Die Kammer dehnte sich verbrecher-hell.
Der Mond, ein Dotterball, schien kriminell.
Da stieg die Dame Angst [-Berlin] reell
Auf ihr imaginäres Karussell.
Ein Schneiderkleid umpresste mit Radau
Die Dame Angst: die Gift- und Gnadenfrau.
Doch das Zitronen-Ei [um 3 Uhr 5 genau]
Versank in Bar-Fauteuils aus Dämmerblau. –
Nachhüstelnd, matt-dosiert: « Macabre-Bar!
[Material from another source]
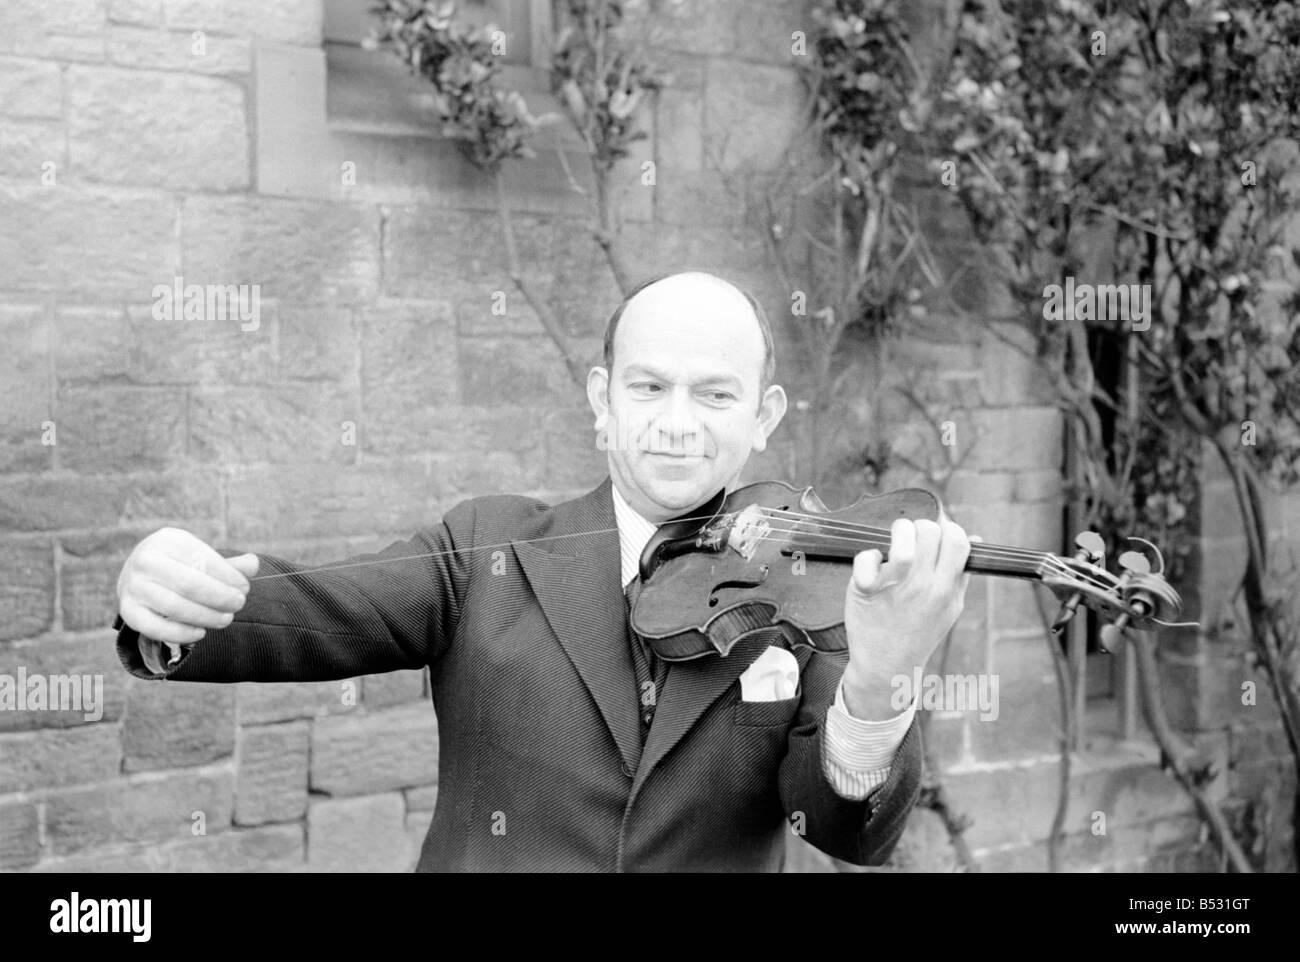 Man repairs strings on violin. January 1939 OL304G - Stock Image
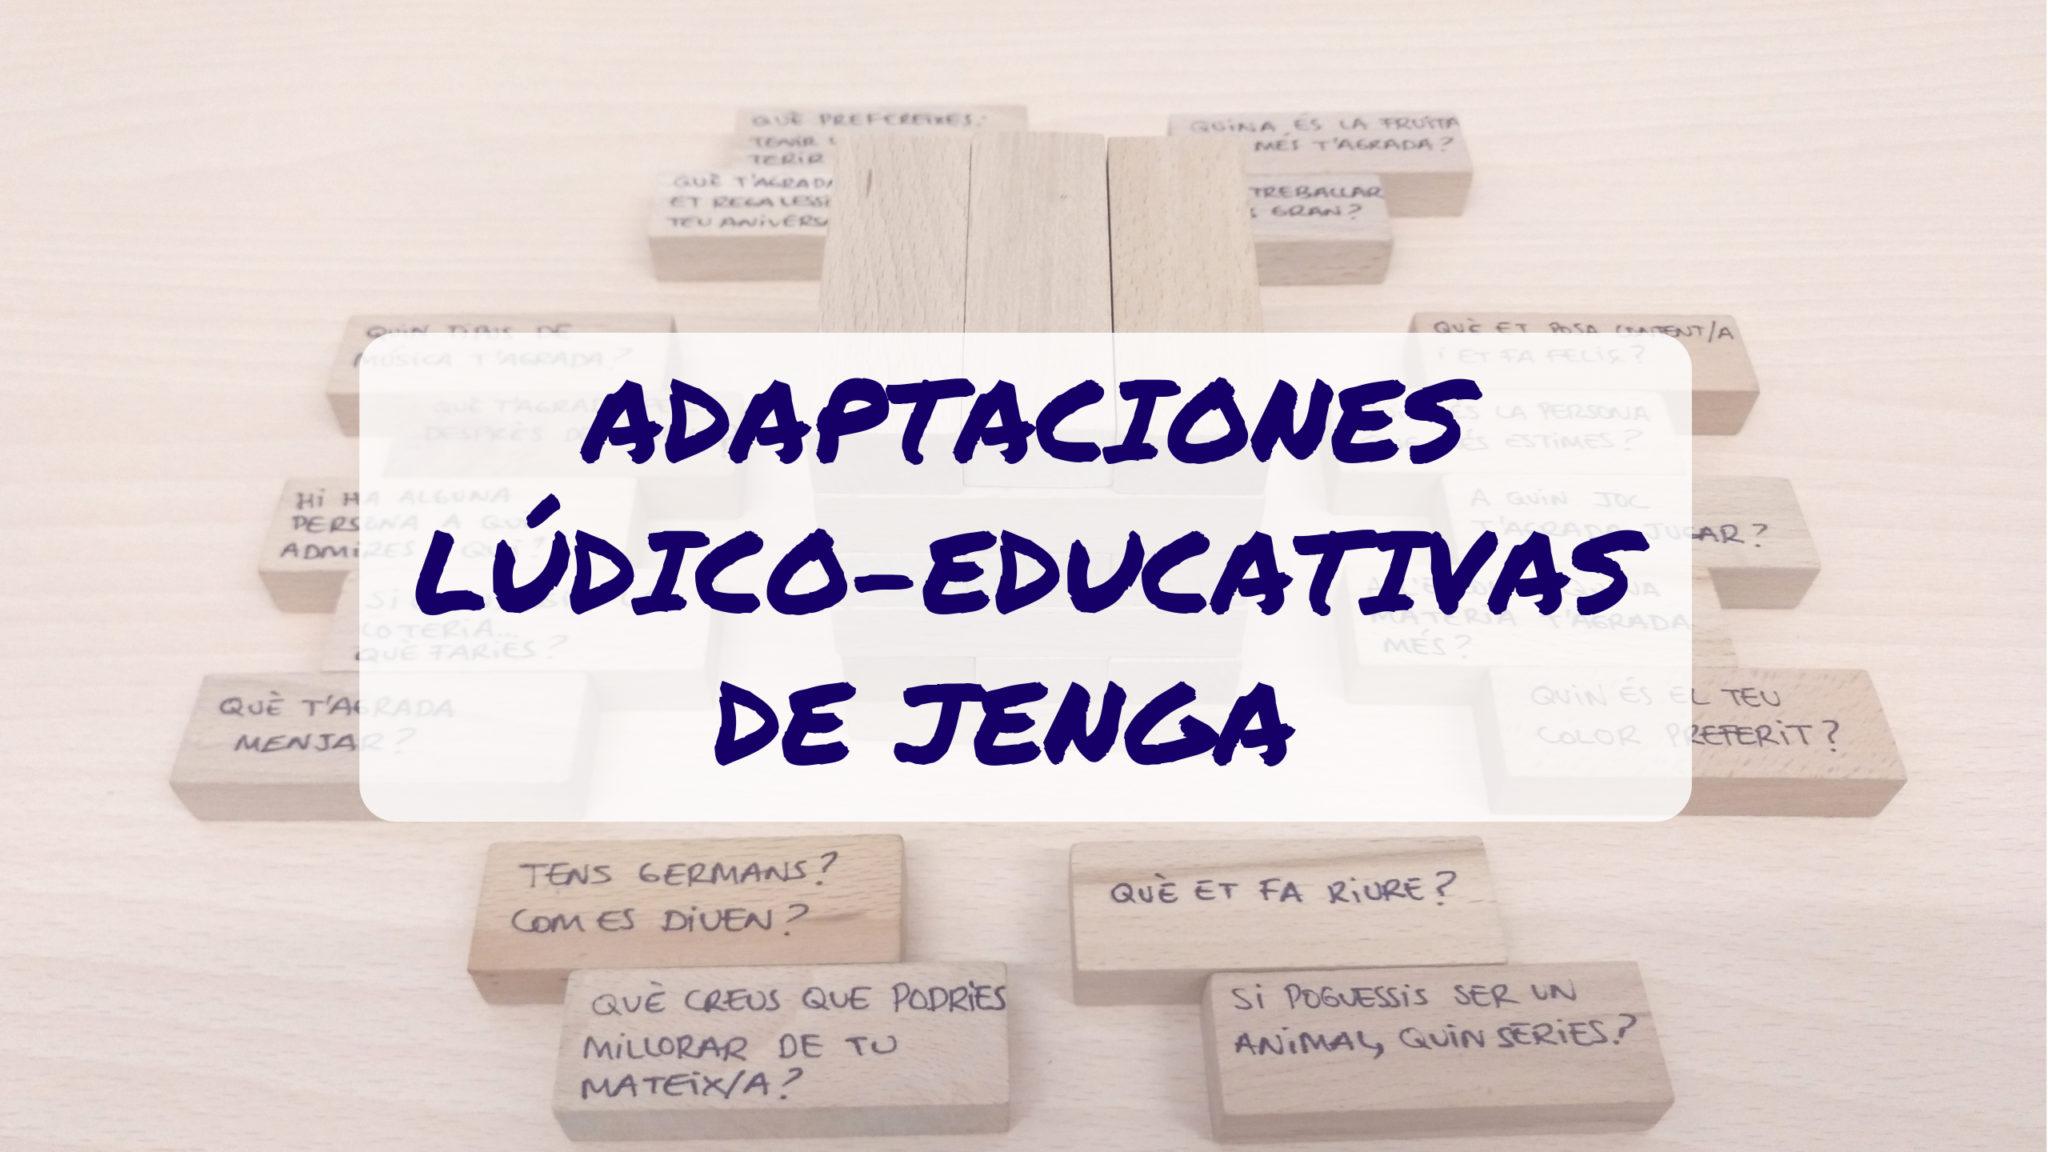 Efecto Ludico Juegos Adaptados Jenga Questions Y Story Jenga

Ihr lila Blicke! Schweflig Tulpenhaar!
Aus Puderkrusten Tollkirsch-Kommentar!
Ein Gruss: du noctambules Seminar!»
... So. 3 Uhr 10. Wie süss verwirrt ich war!
Aus: Anthologie der Abseitigen. Hrsg. Carola Giedion-Welcker. Frankfurt/Main: Luchterhand, 1990, S. 78 (Lizenzausgabe der Arche, Zürich 1965. Ursprünglich erschien die Anthologie 1946)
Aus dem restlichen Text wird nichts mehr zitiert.